# I just want to say...



## Clouder (15/1/16)

I HATE hail! 

We had a TERRIBLE Hail storm on the West Rand on Saturday...

My yard was destroyed! And it looked like it snow. The hail was golf ball size. I lost my gate motor, 6 windows of my house, and my houses' roof needs to me repainted as well as all the gutters.

I painted the whole roof including facia boards and gutters in September and it cost me a whole heap of money....

Also, this is the THIRD time that hail broke my windows! Agggg neee man!

2 years ago, my work vehicle got R210K damage as a result of a hailstorm at work. Now, my new vehicle, 4000 Kms on the clock got damaged AGAIN! Luckily only the nose got hit as it was parked under cover but the front of the bonnet is dented at grille is fubar...

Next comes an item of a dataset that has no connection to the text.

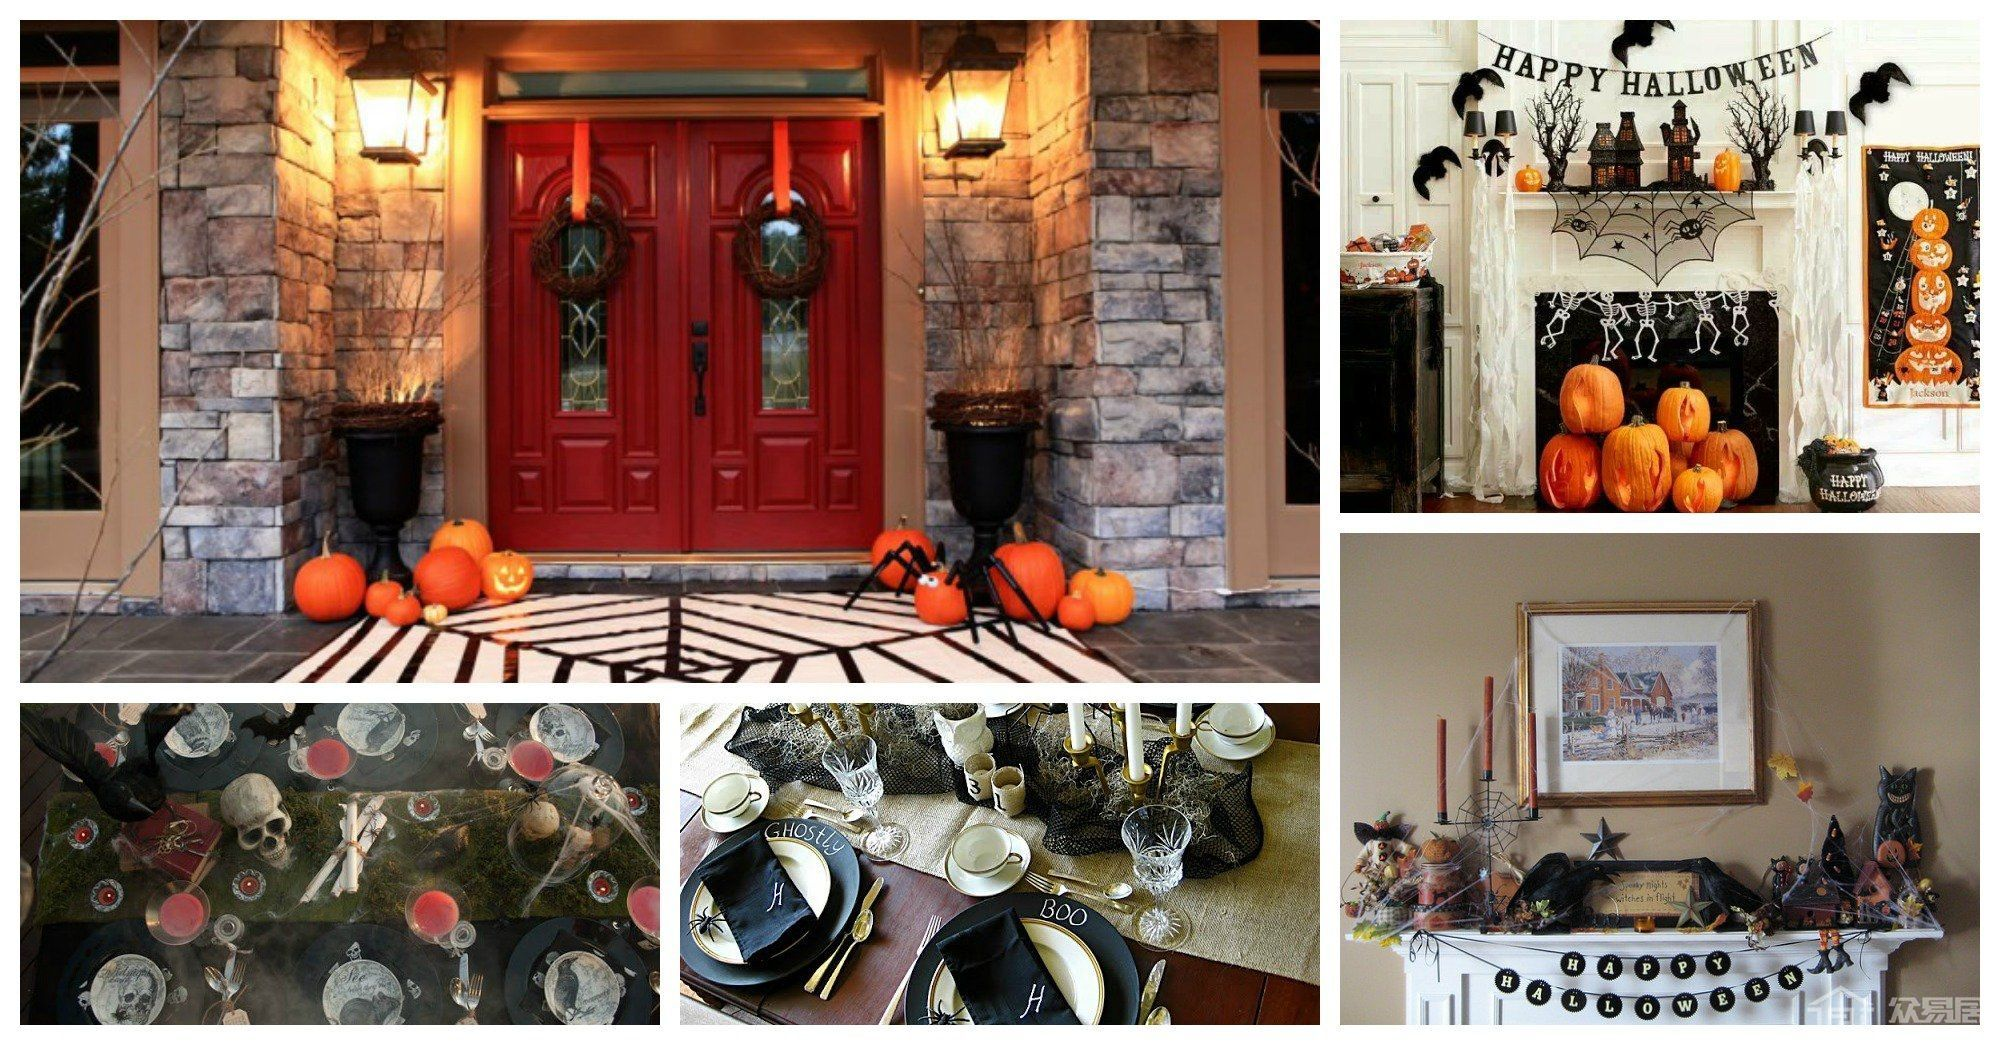 怎么在家里做万圣节装饰 万圣节的习俗有哪些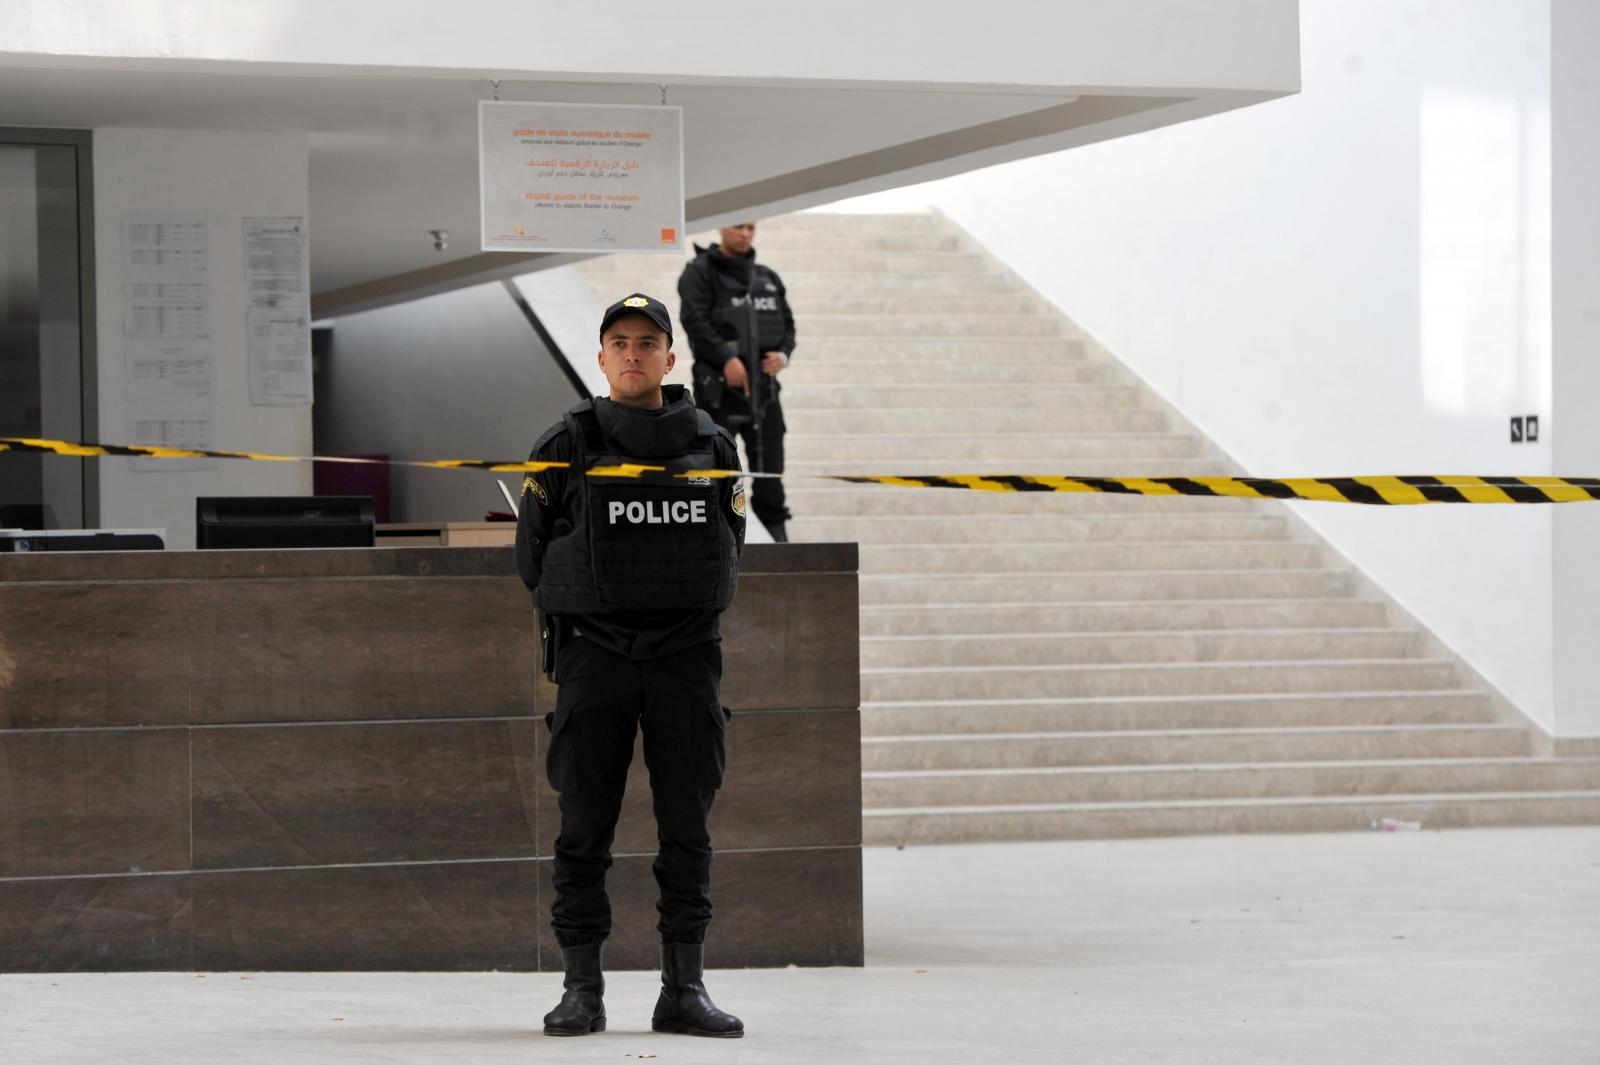 Tunisian Police Bardo Museum

Oh, Saturday night, we spend the entire evening helping people in our community with fallen carports and roofs ect. Our mall's roof caved in and we had to close the mall down, was reopened on Wednesday.

We were also left without electricity for 26 hours which made rescues and assistance extremely difficult!

My windows at my house are still broken as the contractors are flooded with callouts


----------



## Metal Liz (15/1/16)

sheeeeeeez bru!!!!!!!! that is HECTIC!! Sorry to hear about all of this and best of luck with the fixing up...


----------



## Clouder (15/1/16)

Thanx @Metal Liz !! I got the parts for my gate motor just now and it seems like they will be replacing my windows this afternoon... I REALLLLLLY hope so, coz it rains every night, and my cardboard and plastic temporary fix is not strong anymore


----------



## Stosta (15/1/16)

Wow! Just... Wow!!!


----------



## Khan83 (15/1/16)

Clouder said:


> I HATE hail!
> 
> We had a TERRIBLE Hail storm on the West Rand on Saturday...
> 
> ...


Damn bud . I feel for you.

Must be so frustrating.

Good on you for helping others in the community despite having your own damages to deal with

Reactions: Thanks 1


----------



## Rob Fisher (15/1/16)



Reactions: Like 1


----------



## DaveH (15/1/16)

Sorry to hear that @Clouder not a nice thing to happen.
Dave


----------



## Clouder (15/1/16)

The parts I purchased for my gate motor are not the cause of the problem, and they will not be replacing my windows today.... (and we have a storm warning for tonight) GREAT DAY!


----------



## Neal (15/1/16)

Clouder said:


> The parts I purchased for my gate motor are not the cause of the problem, and they will not be replacing my windows today.... (and we have a storm warning for tonight) GREAT DAY!



Mate, really sorry to hear of your problems, hope you get sorted as soon as is possible. Well done on supporting your community, am in Carlisle, England moment and has been awful flooding, but to see the help people have offered each other has been cool. Really hope all comes right for you man.


----------



## wazarmoto (15/1/16)

Sorry to hear about this bud. Chin up. It'll get better. At least you still have a home. Lotsa people are worse off. Vent away. It helps.


----------



## CloudmanJHB (15/1/16)

That's crazy! Truly looks like snow, sorry to hear about the damage, that really blows


Sent from my iPhone using Tapatalk


----------



## Silver (16/1/16)

So sorry to hear about that @Clouder 
Hope you can recover and get everything back into shape soon

Really feel for you and your family 
Strength to you guys

Reactions: Like 1


----------



## Clouder (16/1/16)

Thanx guys!

@Silver at least I managed to finally get my gate working again, WHAT A RELIEF!

Reactions: Like 1


----------



## blujeenz (16/1/16)

@Clouder Perhaps its time to say hello to wooden storm shutters, might not be a look you like but probably better than broken windows.


----------



## Clouder (16/1/16)

@blujeez yeah, I am thinking about it....


----------



## stevie g (23/1/16)

Where on the west rand, luckily we didn't have any hail?.


----------



## Clouder (24/1/16)

@Sprint it was in Krugersdorp

Sent from my LG-H815 using Tapatalk


----------



## MoneymanVape (31/1/16)

Hi anybody can help me. Bought stuff from cape vape. Do i get a confirmation email or something righr away? Also i used the order number as thair reference is this correct. Thanks


----------